AI Technology, Applications and Impact

AI Technology, Applications and Impact

What is AI?

There are different ways one can view AI. Here are a few views I resonate with. These differing perceptions are somewhat orthogonal. 

  • It is a field of study and research on how to make machines more intelligent. 
  • It is a branch of computer science.
  • It is a set of technologies and processes to mimic human level intelligence in machines

In short, AI is an umbrella term used to cover different approaches to get machines to learn, reason and provide intelligence as close to human intelligence as possible.  

To avoid ambiguity, let us talk about AI technology and AI applications. AI Technology consists of a set of methods to derive intelligence from different types of data (text, numbers, video, audio, images and signals of various kinds). 

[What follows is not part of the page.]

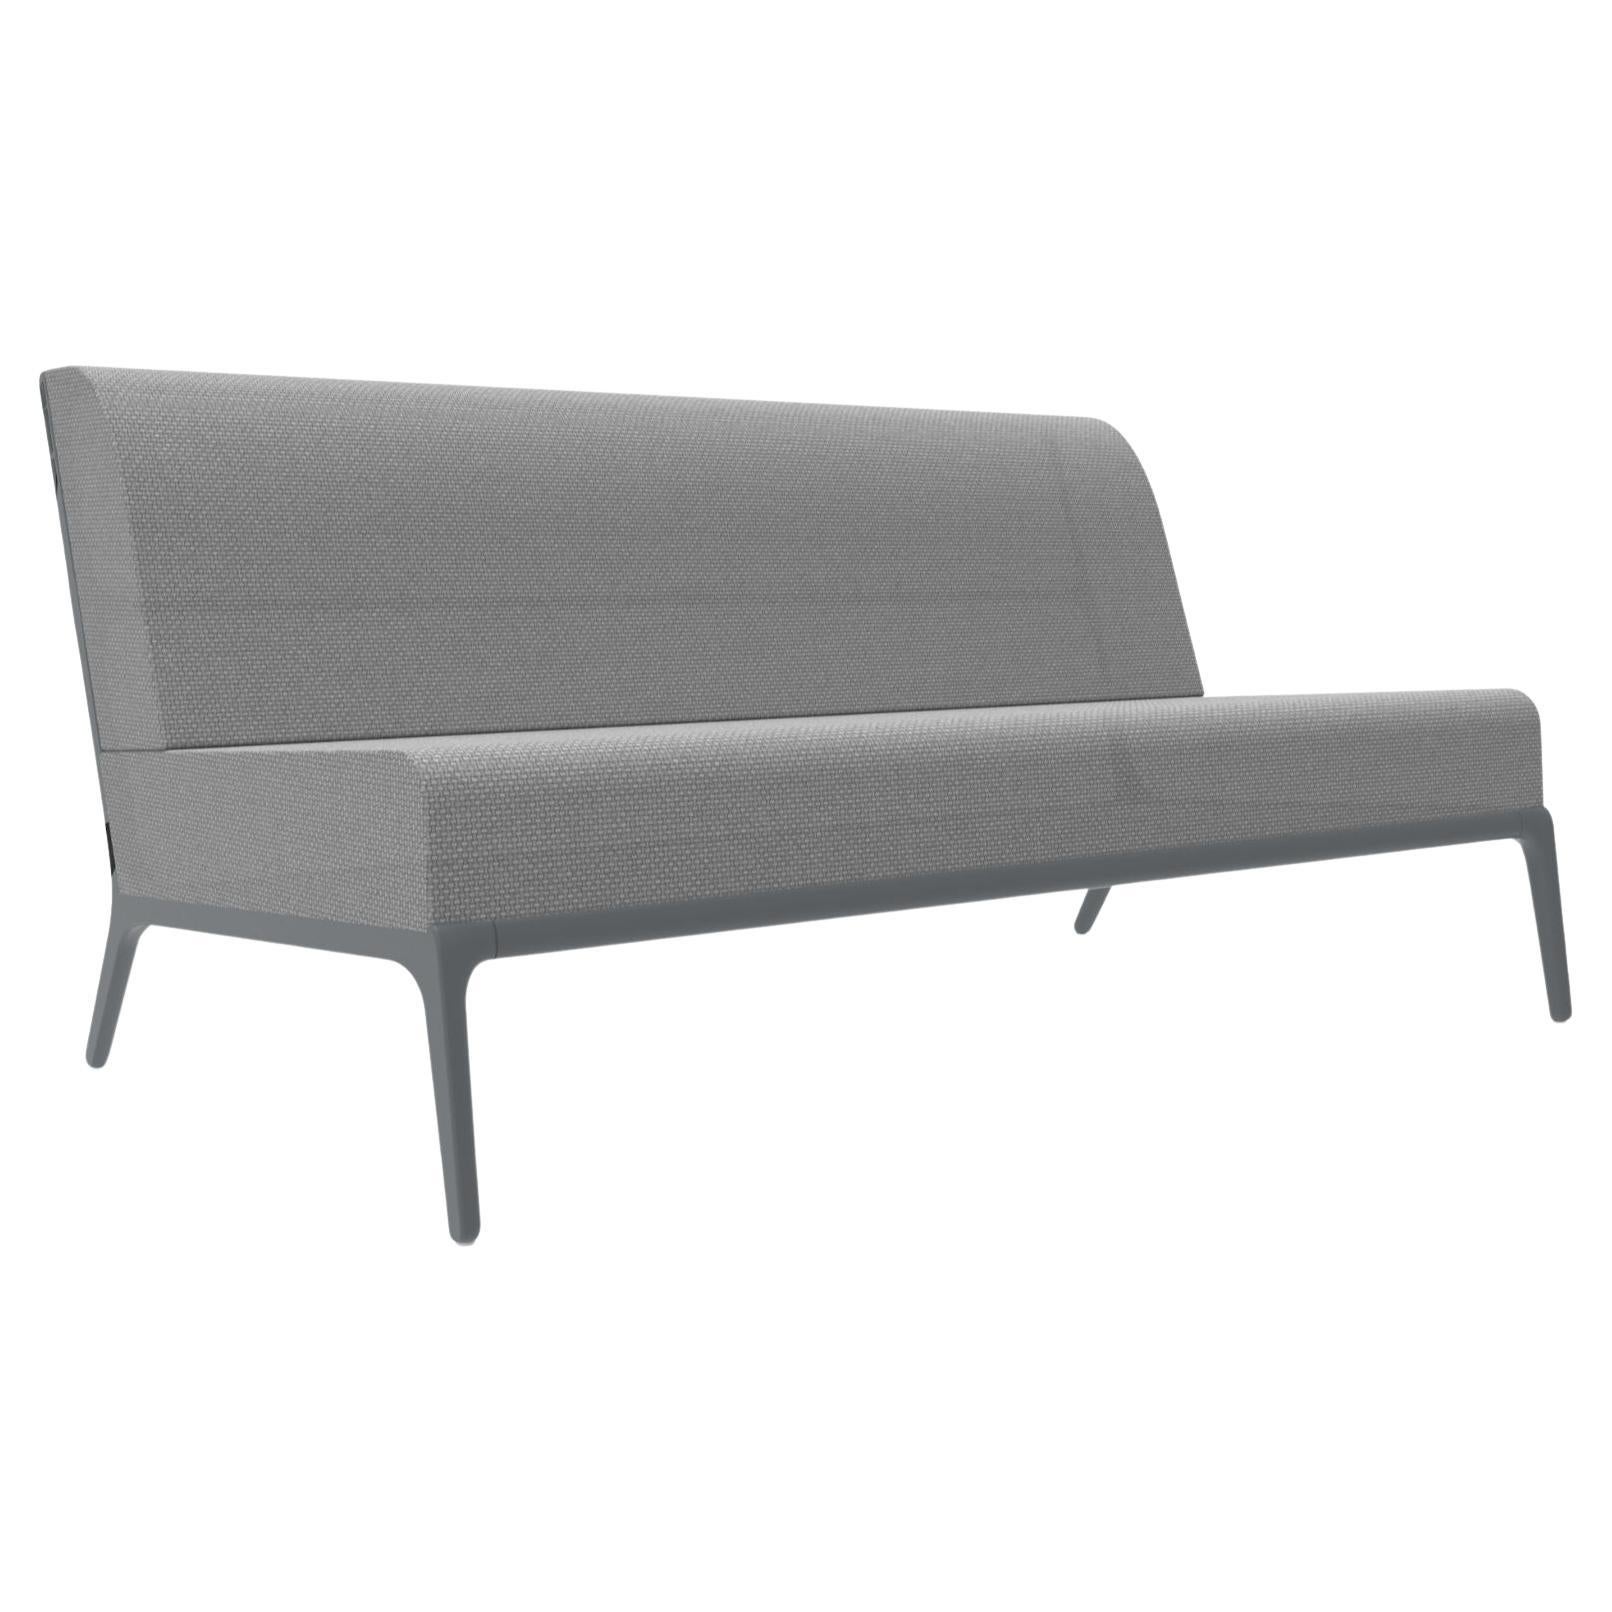 Xaloc Central 160 Grey Modular Sofa by Mowee For Sale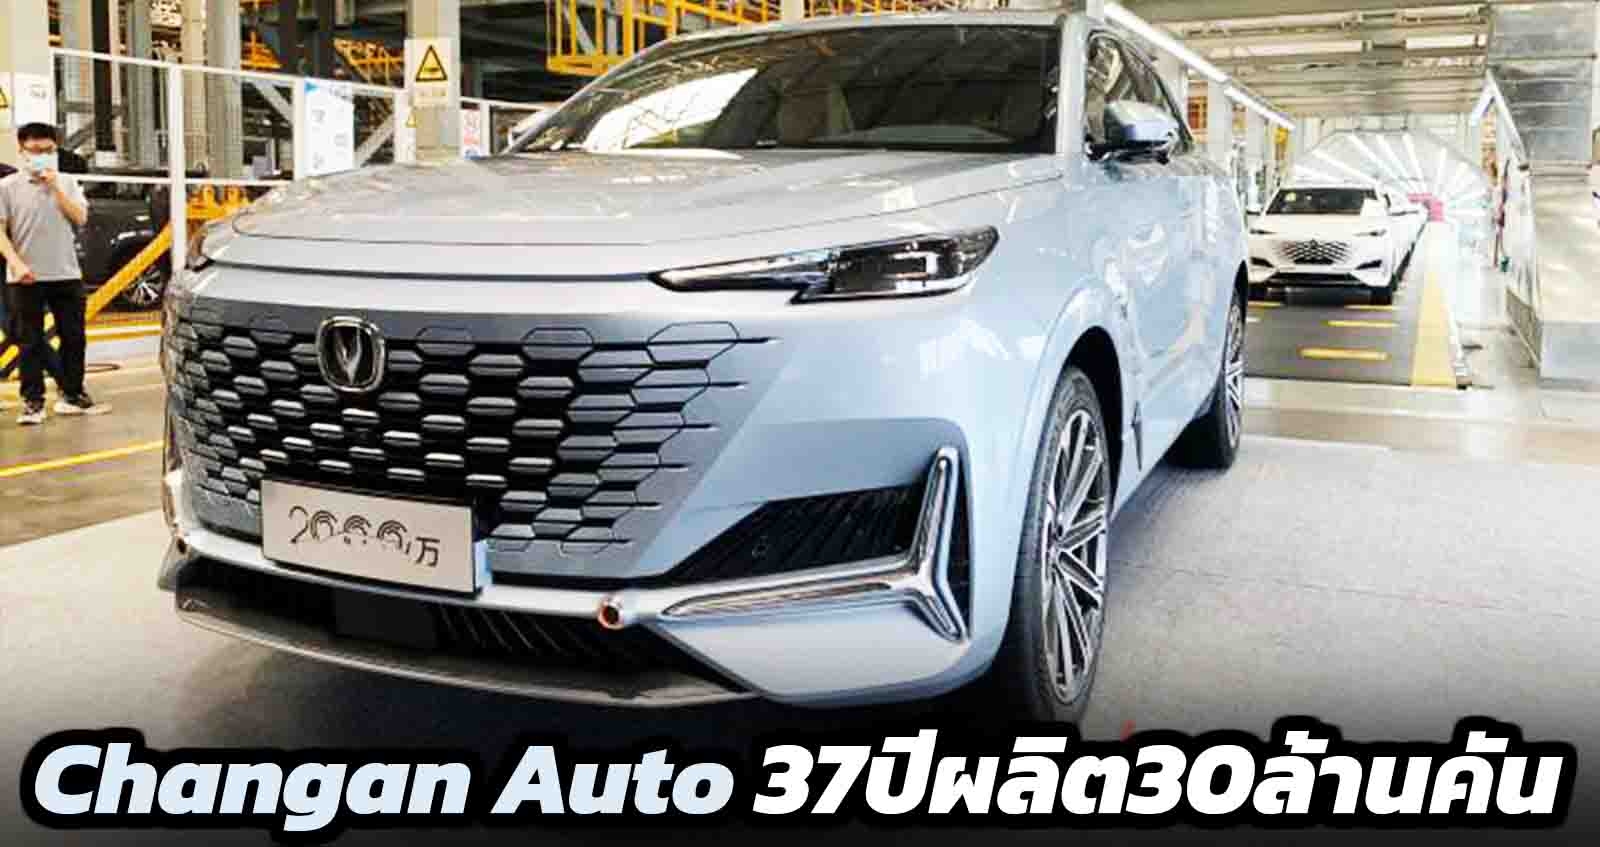 Changan Automobile ฉลองผลิตรถยนต์ครบ 20 ล้านคัน ใช้เวลา 37 ปี

Applied AI is the application of AI technologies to make applications, and devices smarter. For example using audio signals to recognize speech and convert it to text is an application of AI that most of us can relate to.  Identifying objects in an image, recognizing digits, detecting anomalies, making predictions are some of the more popular applications of AI. 

AI technologies have been evolving over a period of time. In the early stages (late 50s and 60s) AI was all about domain knowledge and rule based inferences. As the limitations of these approaches unraveled, we slowly started moving towards statistical methods driven by data. Machine learning a sub-field of artificial intelligence is currently based on two major approaches - statistical machine learning and deep learning. 

Statistical machine learning provides different techniques, algorithms and models for processing data and deriving insights. Deep learning is currently based on artificial neural networks. A wide variety of neural networks have evolved to solve different problems. Artificial neural networks get their name because they are made up of artificial neurons which model a part of the behavior of the neurons in human brains. 

AI is an emerging field of study and research. So we need to temper our expectations of what it can do. There are some narrow areas where AI has advanced swiftly and effectively. These include playing games that humans were good at (Chess, Go and others), recognizing speech, translating languages, predicting customer behavior, detecting fraud and others. Before AI techniques arrived at the scene, attempts were being made to use rule based systems to perform some of these tasks. 

AI is getting good at solving a new class of problems that humans can solve, but finds difficult to automate. For example, we can recognize handwritten digits or recognize objects in images. But we're not able to instruct a machine on how to do it. Here is where Machine Learning helps. You give these AI systems a large amount of sample data labelled with the objects contained in them. AI applications find patterns in data and find correlations between inputs and outputs and create models from the training set. With several iterations, we improve these models and deploy them as solutions. 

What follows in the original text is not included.